晚飯後,家裏就來了幾個客人,都是院裏常見麵的,張桂蘭忙著招呼女客,羅繼帶著男人們去了東屋,米蘭身份雖然尷尬,此時也不好躲開,況且也沒有躲的地方,張桂蘭把人都招呼到了西屋。
其中一個張桂蘭眼熟卻不知道叫什麽,隻記得是上次那個拿著報紙問自己的人,緊挨著王麗坐著,江枝則抱著李全坐在**的另一邊挨著米蘭。
“嫂子快坐吧,可別把我們當客人,都樓上樓下住著的。”趙春梅一點也不見外,熱絡的叫張桂蘭坐下。
張桂蘭可沒有被這突來的糖衣炮彈給蒙住了,坐著在**邊坐下,“你們難得來一次,怎麽也不能讓你們連口水都喝不上,到時傳出去豈不是顯得我這個做嫂子的小氣。”

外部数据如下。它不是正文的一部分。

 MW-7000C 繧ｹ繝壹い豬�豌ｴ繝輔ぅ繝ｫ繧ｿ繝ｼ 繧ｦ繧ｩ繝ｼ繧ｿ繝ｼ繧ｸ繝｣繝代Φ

“嫂子雇人一天都給開五塊錢,哪裏還有人敢說你小氣。”王麗快言快語。
張桂蘭見江枝心虛的低下頭,明白了幾分,客套道,“五塊錢是多,可也不是好掙的,你們也知道我做這些綠豆糕,看著輕鬆,可這要整天手不閑著,這量要是趕不了來,也不能給那麽多。”
回來羅繼就說過被人眼上的事,眼下這就有人上門了,二句話不離五塊錢,張桂蘭也明白了幾分,江枝性子弱,一定是被她們硬拉來的,所以才覺得對不起她吧?

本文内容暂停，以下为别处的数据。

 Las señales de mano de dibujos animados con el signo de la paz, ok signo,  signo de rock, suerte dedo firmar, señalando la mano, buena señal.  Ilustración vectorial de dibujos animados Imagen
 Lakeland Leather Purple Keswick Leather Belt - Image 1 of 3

“看嫂子說的,再累還能累過下莊家地不成。”趙春梅將話給挽了回來,“上次嫂子念報紙時,就知道不是個普通的人,能自己想著做點營生,可給咱們女人爭了口氣。”
見她是個會說話的,張桂蘭也不會伸手打人家的臉,“啥爭不爭氣的,還不是想讓這日子過的好些,看人家吃肉咱這不是也饞肉嘛。也就是咱們住在大院裏的人覺悟高,不然這搞個體的走到哪都被人看不起被人指點。”

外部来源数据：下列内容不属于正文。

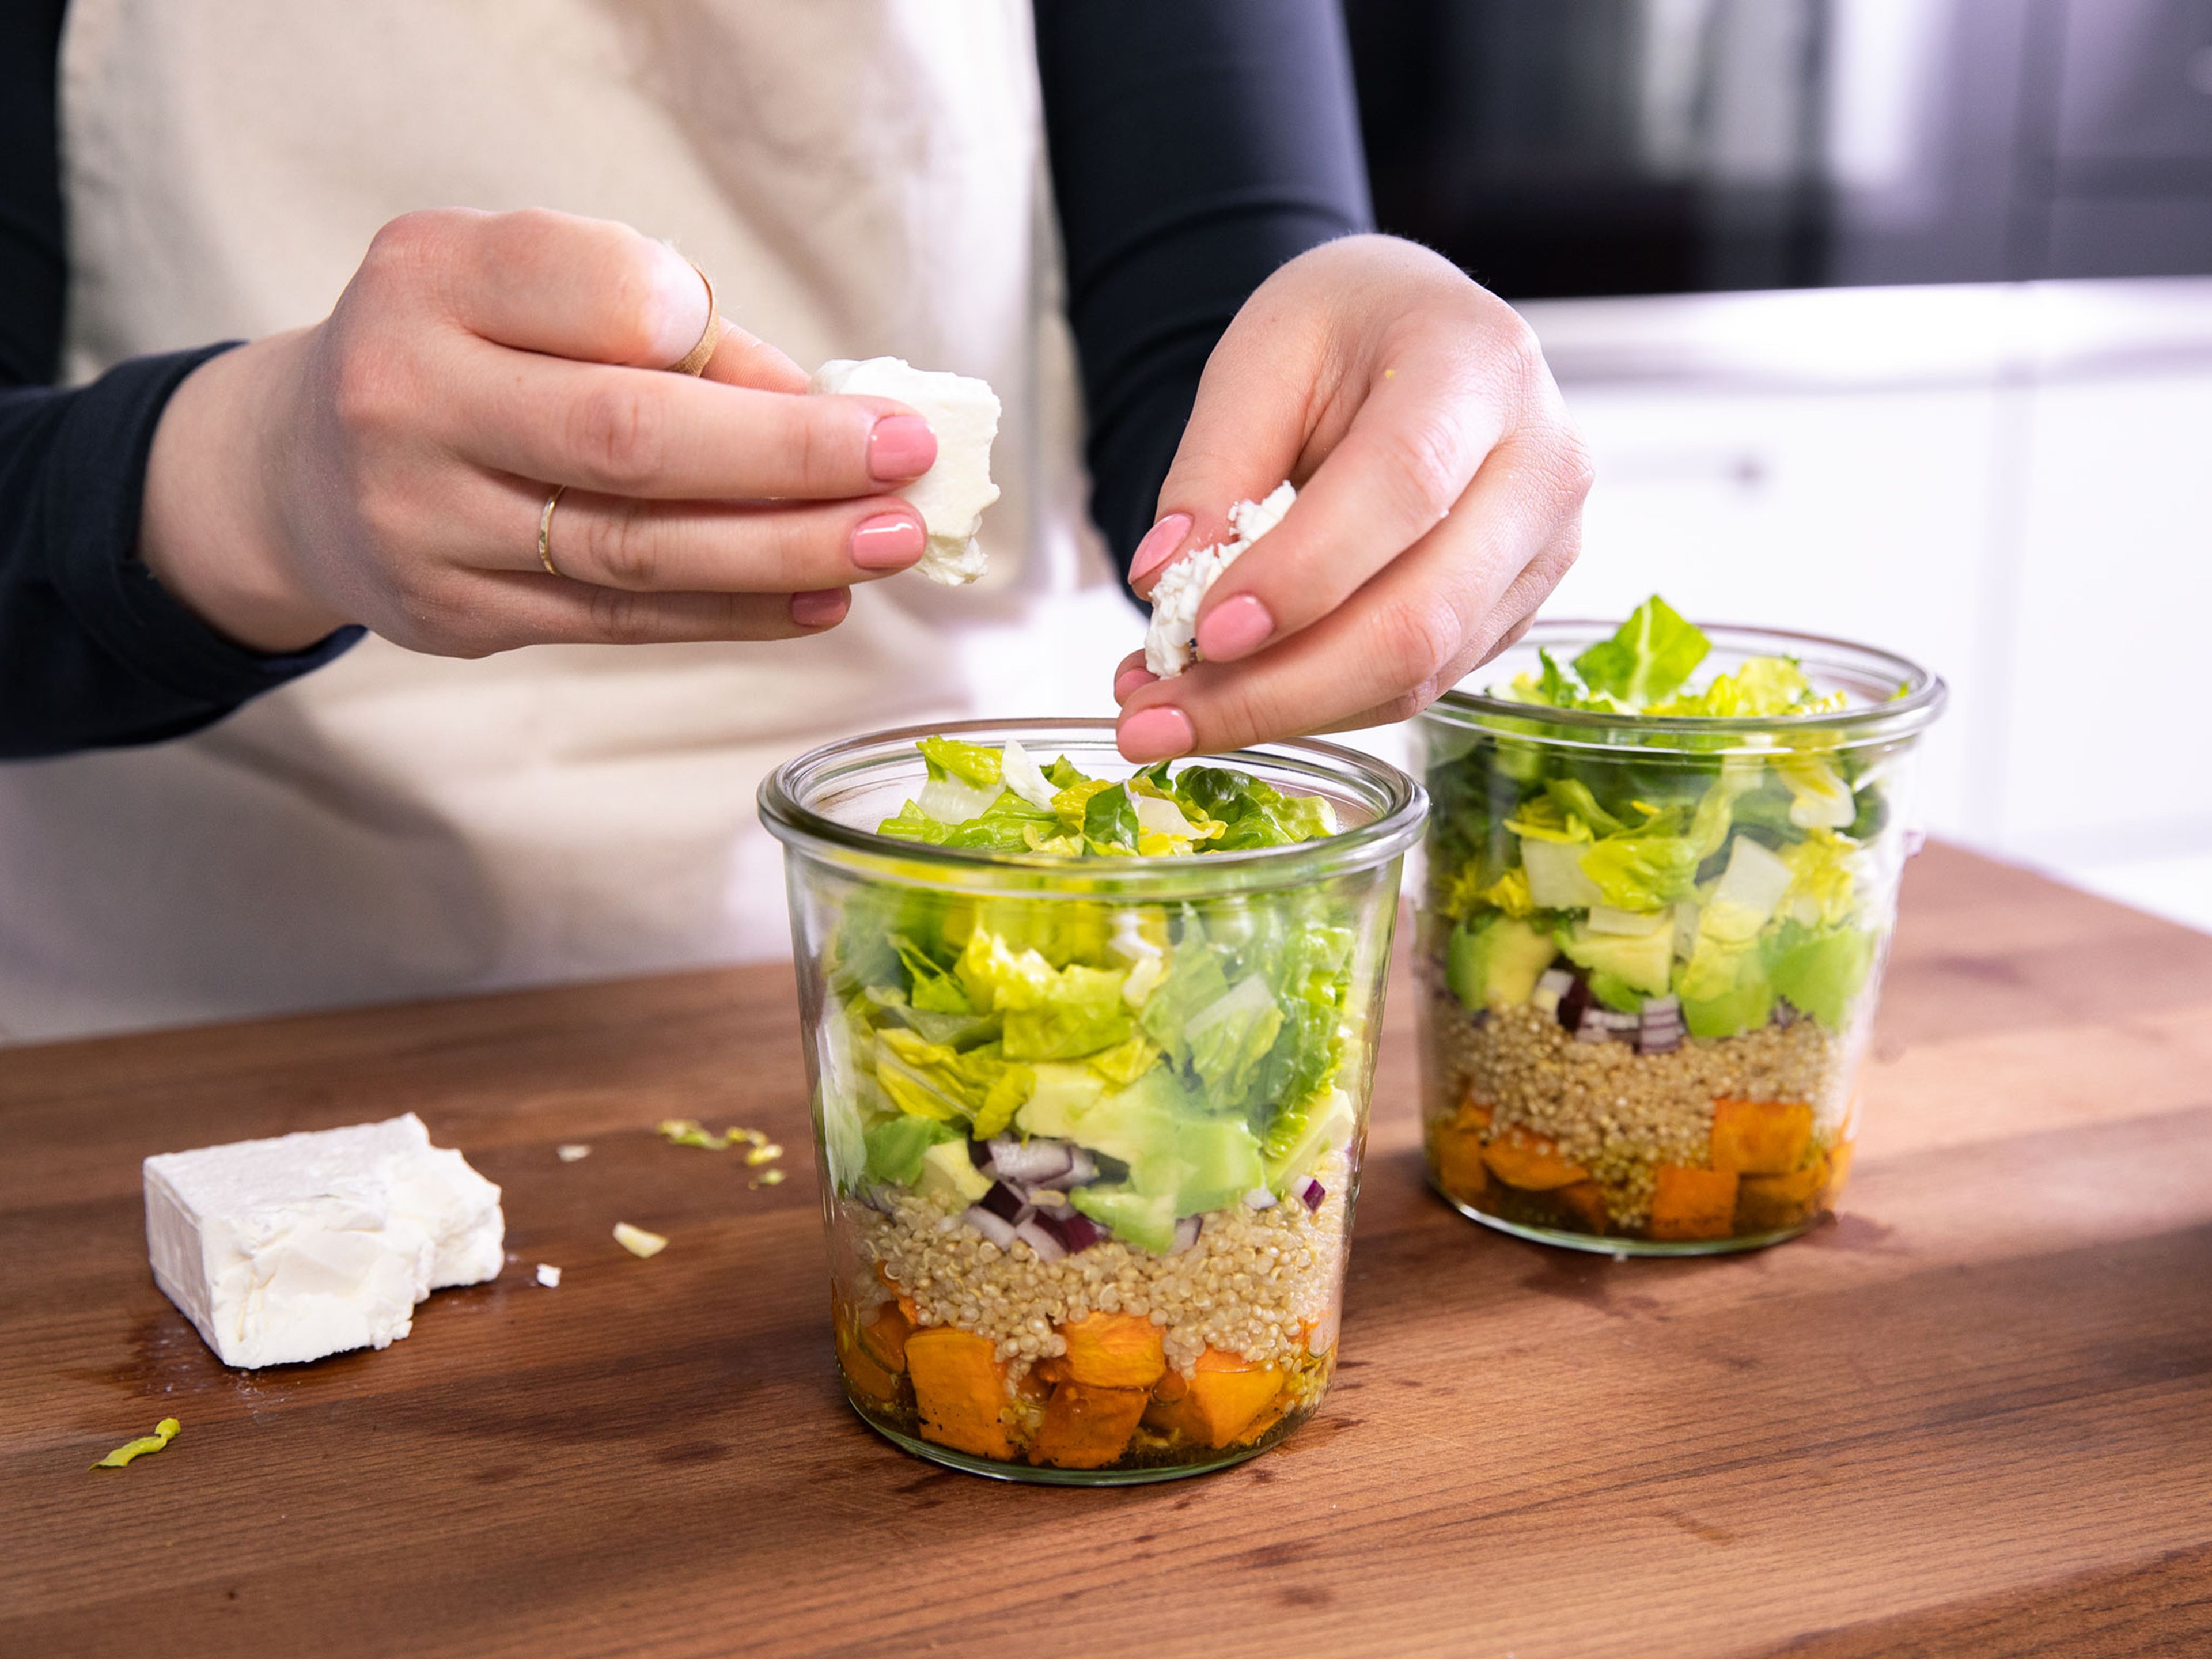 Um den Salat zu schichten, zuerst das Dressing gleichmäßig auf die Gläser aufteilen. Danach Süßkartoffel, Quinoa, roter Zwiebel, Avocado und Romanasalat darüber schichten. Zum Schluss Fetakäse mit den Händen zerbröseln und mit den gerösteten Sonnenblumenkernen auf dem Salat verteilen. Sofort genießen oder 1 - 2 Tage verschlossen im Kühlschrank lagern. Guten Appetit!

王麗又搶過話,“那有啥丟人的,這日子好壞隻有自己知道,我就羨慕嫂子,要是我有嫂子一半也就知足了,我家宋慶都七歲了,都說半大的小子吃窮老子,可不就是這句話,別看他小,可一個人吃的頂我們兩口子兩人的份了,我家那口子一個月就三十多塊錢,一分存不下都買米了,這錢還得算計著花,不然一個手大連飯都要吃不飽了。”